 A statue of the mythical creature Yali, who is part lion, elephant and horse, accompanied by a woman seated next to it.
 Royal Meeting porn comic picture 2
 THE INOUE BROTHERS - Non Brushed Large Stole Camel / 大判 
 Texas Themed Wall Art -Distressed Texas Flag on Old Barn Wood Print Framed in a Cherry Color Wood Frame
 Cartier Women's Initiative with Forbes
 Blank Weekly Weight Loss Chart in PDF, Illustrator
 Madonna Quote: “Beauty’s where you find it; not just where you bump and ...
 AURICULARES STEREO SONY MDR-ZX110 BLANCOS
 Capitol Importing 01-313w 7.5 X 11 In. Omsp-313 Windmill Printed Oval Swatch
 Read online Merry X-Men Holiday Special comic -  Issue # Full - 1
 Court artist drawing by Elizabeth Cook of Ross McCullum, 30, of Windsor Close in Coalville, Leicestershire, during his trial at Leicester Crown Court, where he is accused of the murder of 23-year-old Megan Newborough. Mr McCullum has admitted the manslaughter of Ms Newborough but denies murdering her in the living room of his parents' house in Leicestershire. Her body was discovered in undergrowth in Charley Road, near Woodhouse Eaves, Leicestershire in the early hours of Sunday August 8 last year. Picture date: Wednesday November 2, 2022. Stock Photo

Task: Track down every line in the entries that includes the string "comic", and copy it.

Task response:
 Royal Meeting porn comic picture 2
 Read online Merry X-Men Holiday Special comic -  Issue # Full - 1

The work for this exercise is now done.